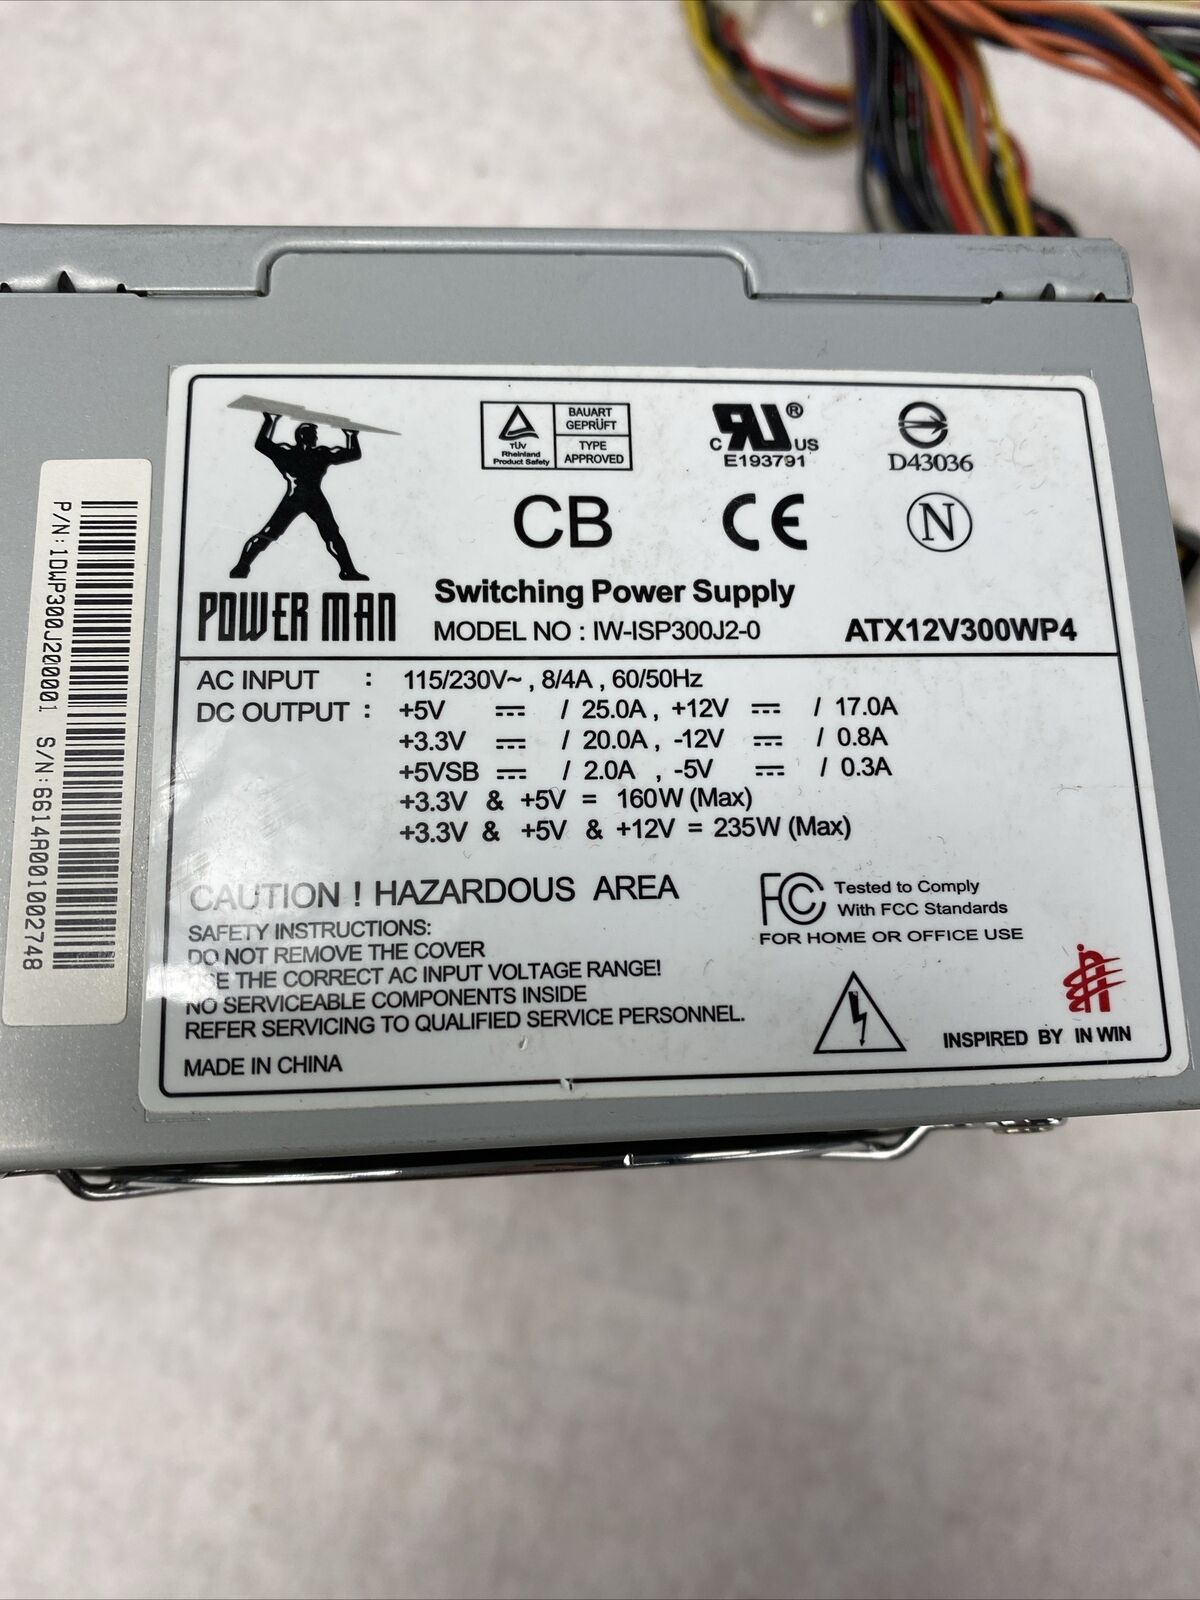 Power Man IW-ISP300J2-0 Desktop Computer Power Supply 1DWP300J200001
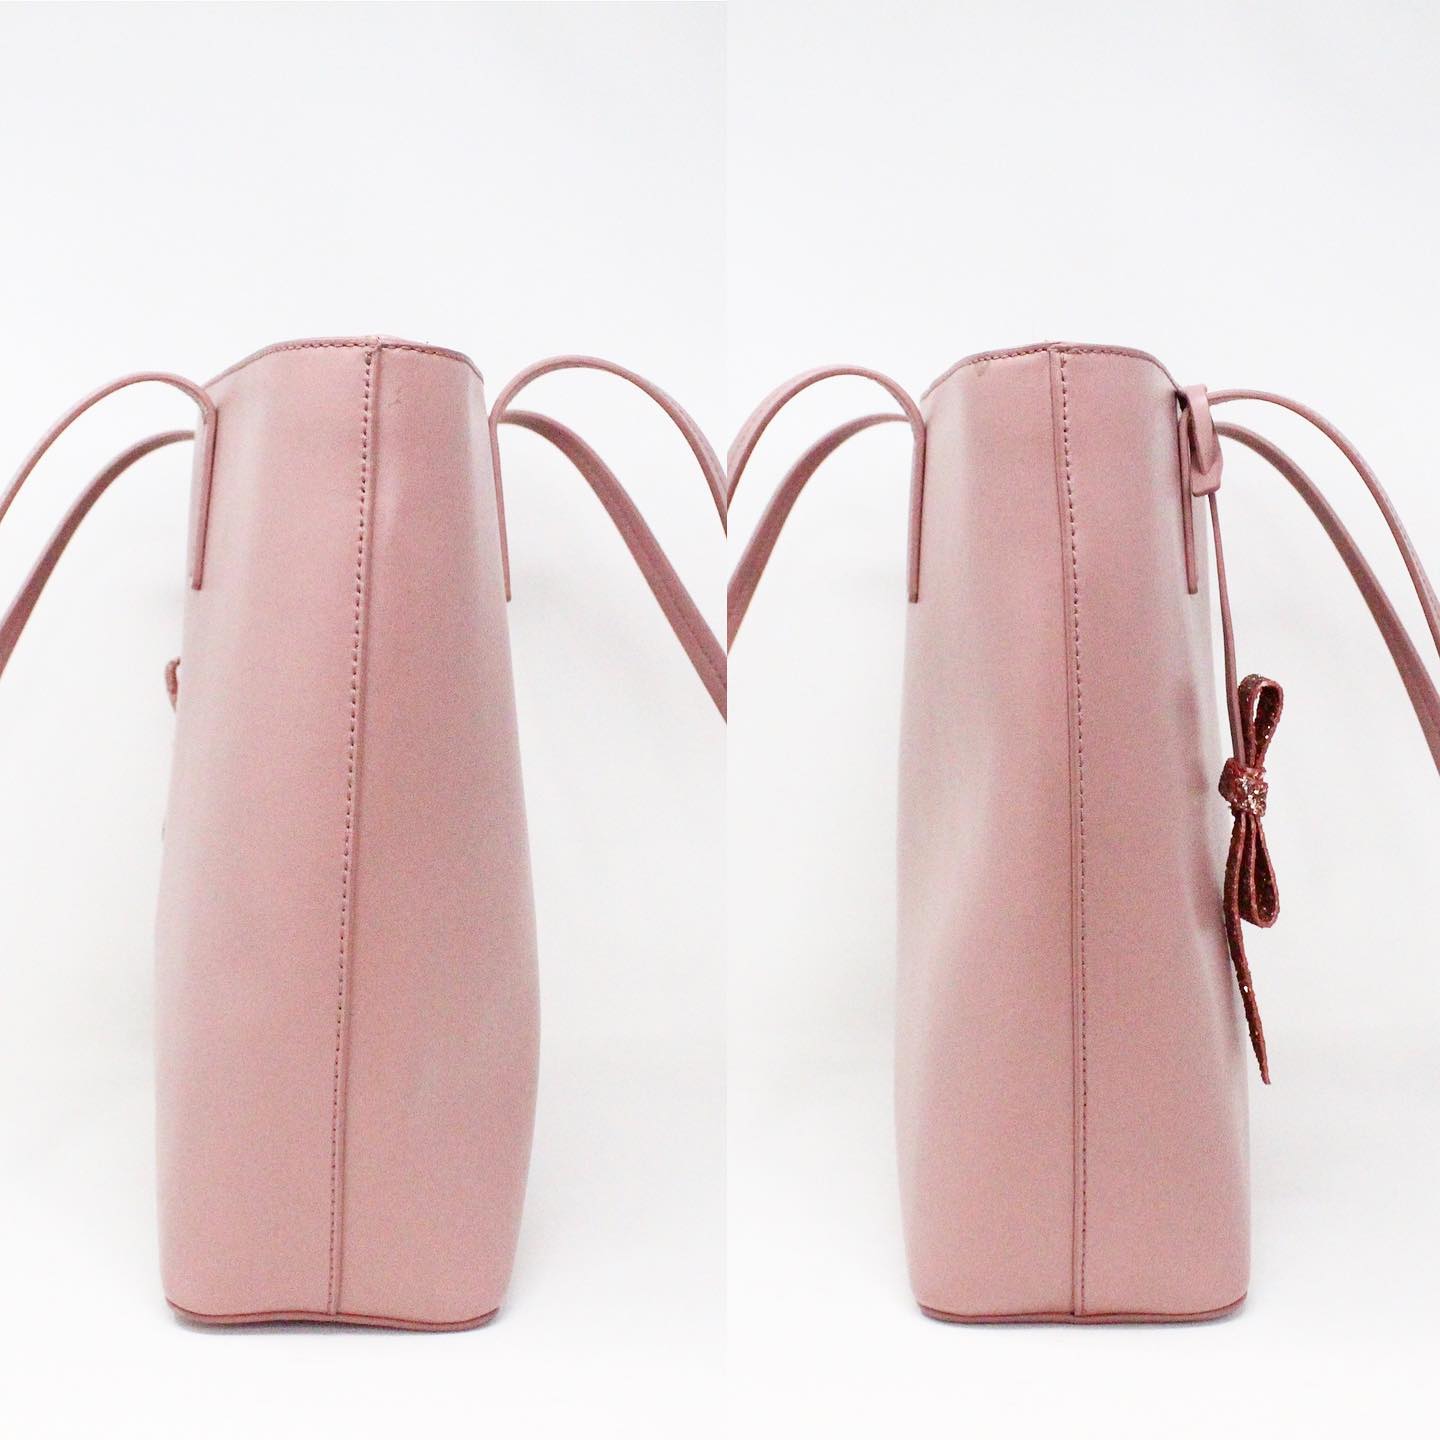 Kate Spade / Tote / Handbag / Pastel Pink / Limited
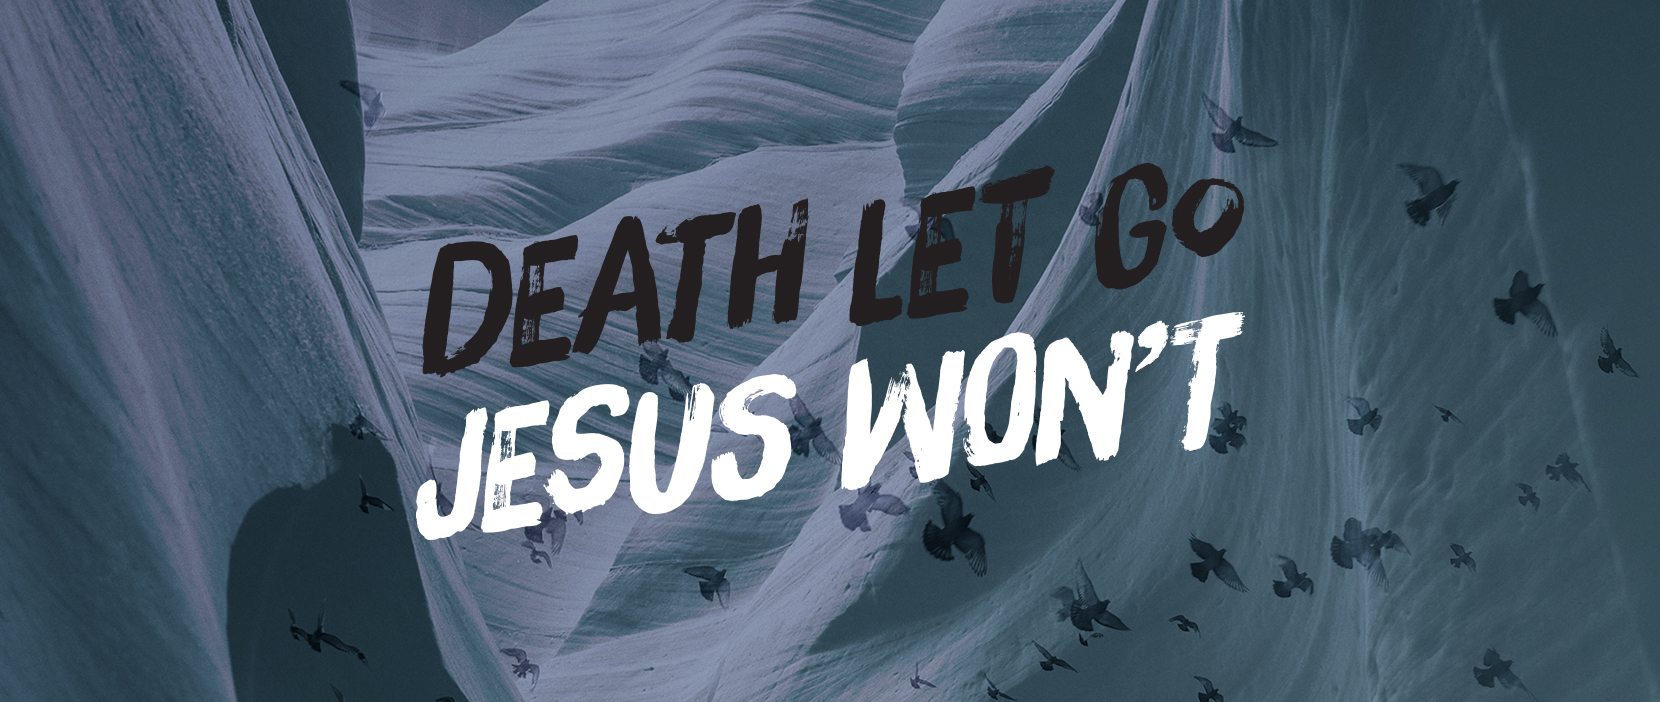 Image for Death Let Go…Jesus Won’t

• TASK DETAILS
Print all the lines above exactly as they are, but without the pictures.

• SOLUTION BELOW
 Power Man IW-ISP300J2-0 Desktop Computer Power Supply 1DWP300J200001
 Kate Spade / Tote / Handbag / Pastel Pink / Limited
 Image for Death Let Go…Jesus Won’t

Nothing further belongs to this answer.